Czy ogólnie mieć taką podaż aby nigdy nie tracić czasu na redukcji tylko powoli budować mięśnie?

OTTO

Trzeba sobie przygotować dobry grunt pod pierwsza masę bo ona najlepiej wychodzi. Jak startujesz z wysokim BF to rosną mocno mięśnie i tłuszcz, a potem są cięcia, duże cięcia.
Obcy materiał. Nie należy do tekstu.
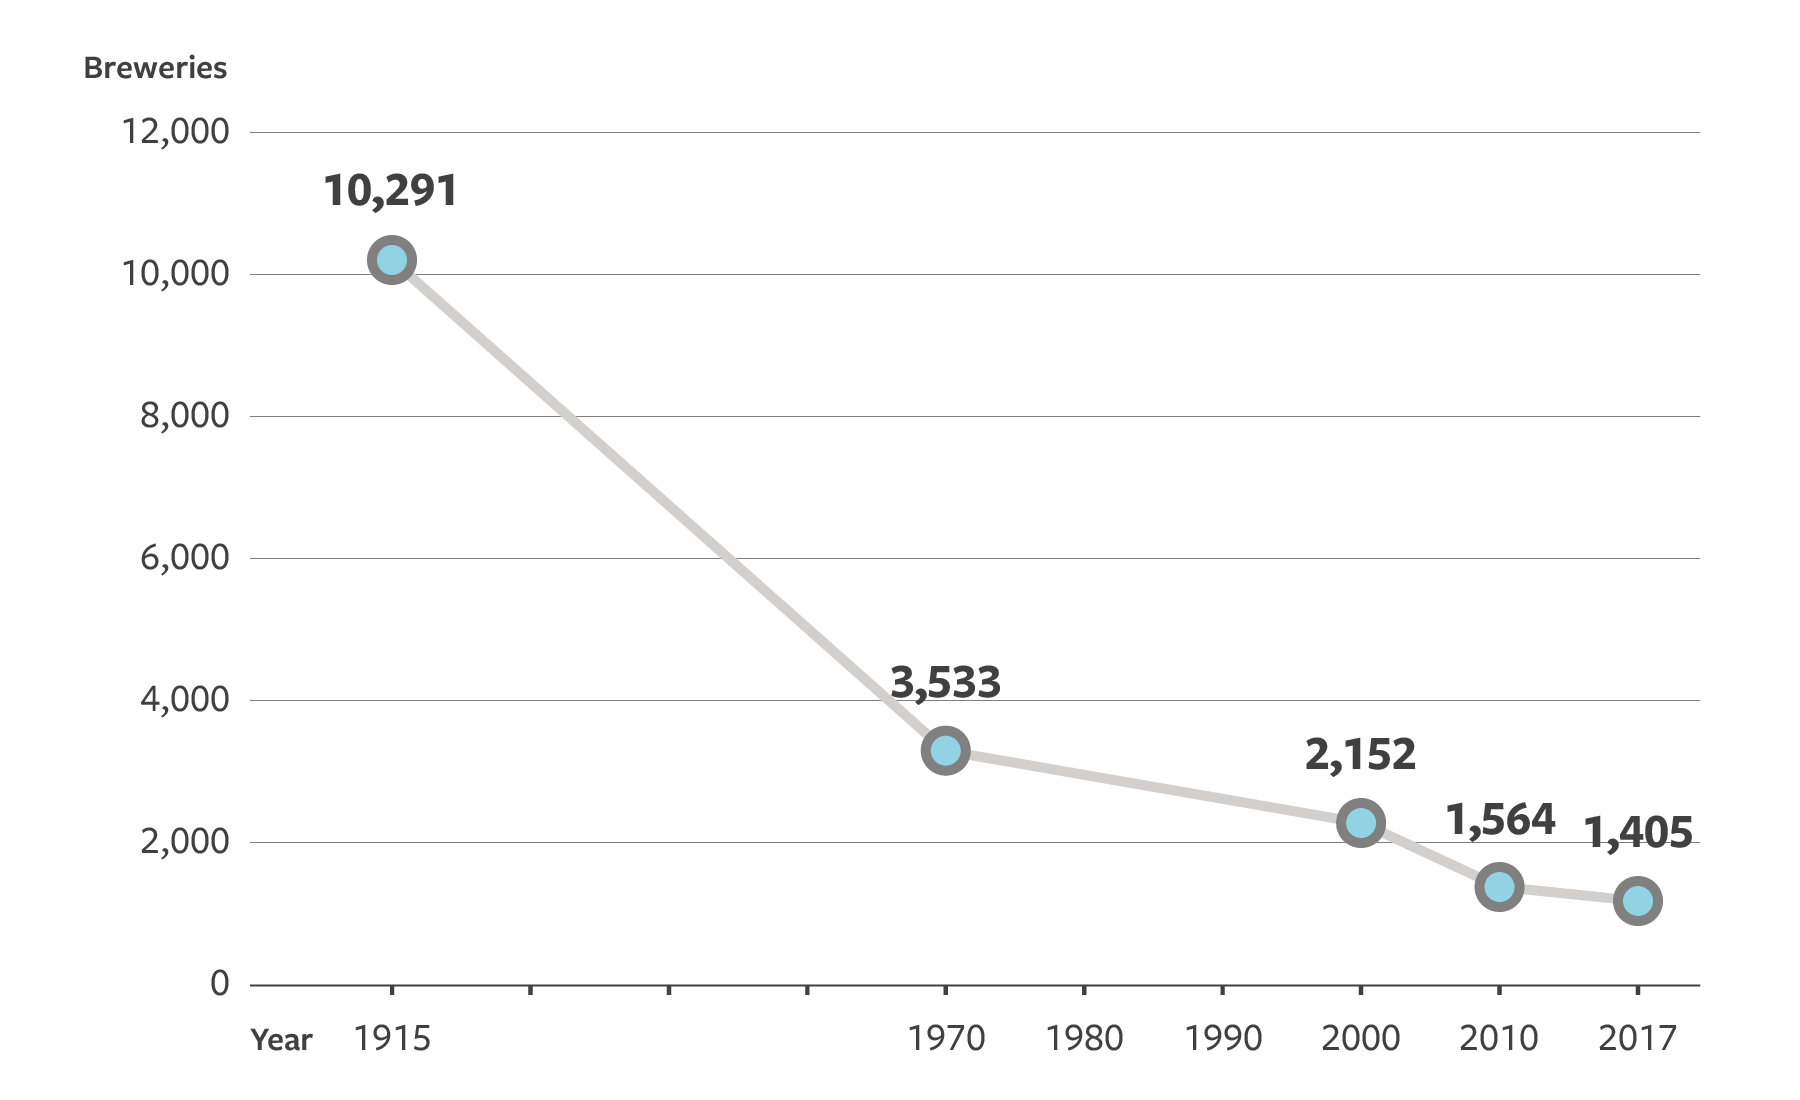 Figure 1: Number of breweries in Japan from 1915 to 2017

Lepiej się zredukować na początku do niskiego BF, to tak jak z kreatyna, nie brać jej od pierwszego treningu, tylko zbudować co się da na sucho, a potem dowalić kretę i znów jest szok dla organizmu i wzrastanie.
Tak teraz stosuje mini Cat i jest lepiej niż długa redukcja, oczywiście na długiej redukcji efekty były większe, ale czy lepsza?
Mięśnie brzucha się pojawiły ale reszta tak spadła ze dramat.

_GANGSTA_

Moim zdaniem to kwestia indywidualna i trzeba probowac na Sobie roznych sposobów.Ja robie dluzsza mase bo przy moim stazu kilogram miesnia.na podstawach saa to sukces i koncze gdzies na bf ~16% a potem redukuje do 10-11% i wymiary jakos mi nie spadaja drastycznie.Jak robilem minicuty to troche nabralem masy i zaraz minicut i suma sumarą zdobylem mniej tyle ze caly rok lepiej wyglada sie ze wzgledu na nizszy bf calorocznny od moje spostrzezenie.Masa jednak ktora szła ciagiem zdecydowanie lepiej mi sie widziala.Minicuta robilem tylko wtedy gdy trzeba bylo wyostrzyc apetyt.Aczkolwiek mozna sprobowac mimetyka greliny i tez apetyt sie poprawia.

OTTO

Dochodzi jeszcze wiek.
Jeśli ktoś swoją pierwszą masę robi w wieku 20 lat to więcej zrobi i czyściej niż 40 latek, tu już na prawdę trzeba się pilnować.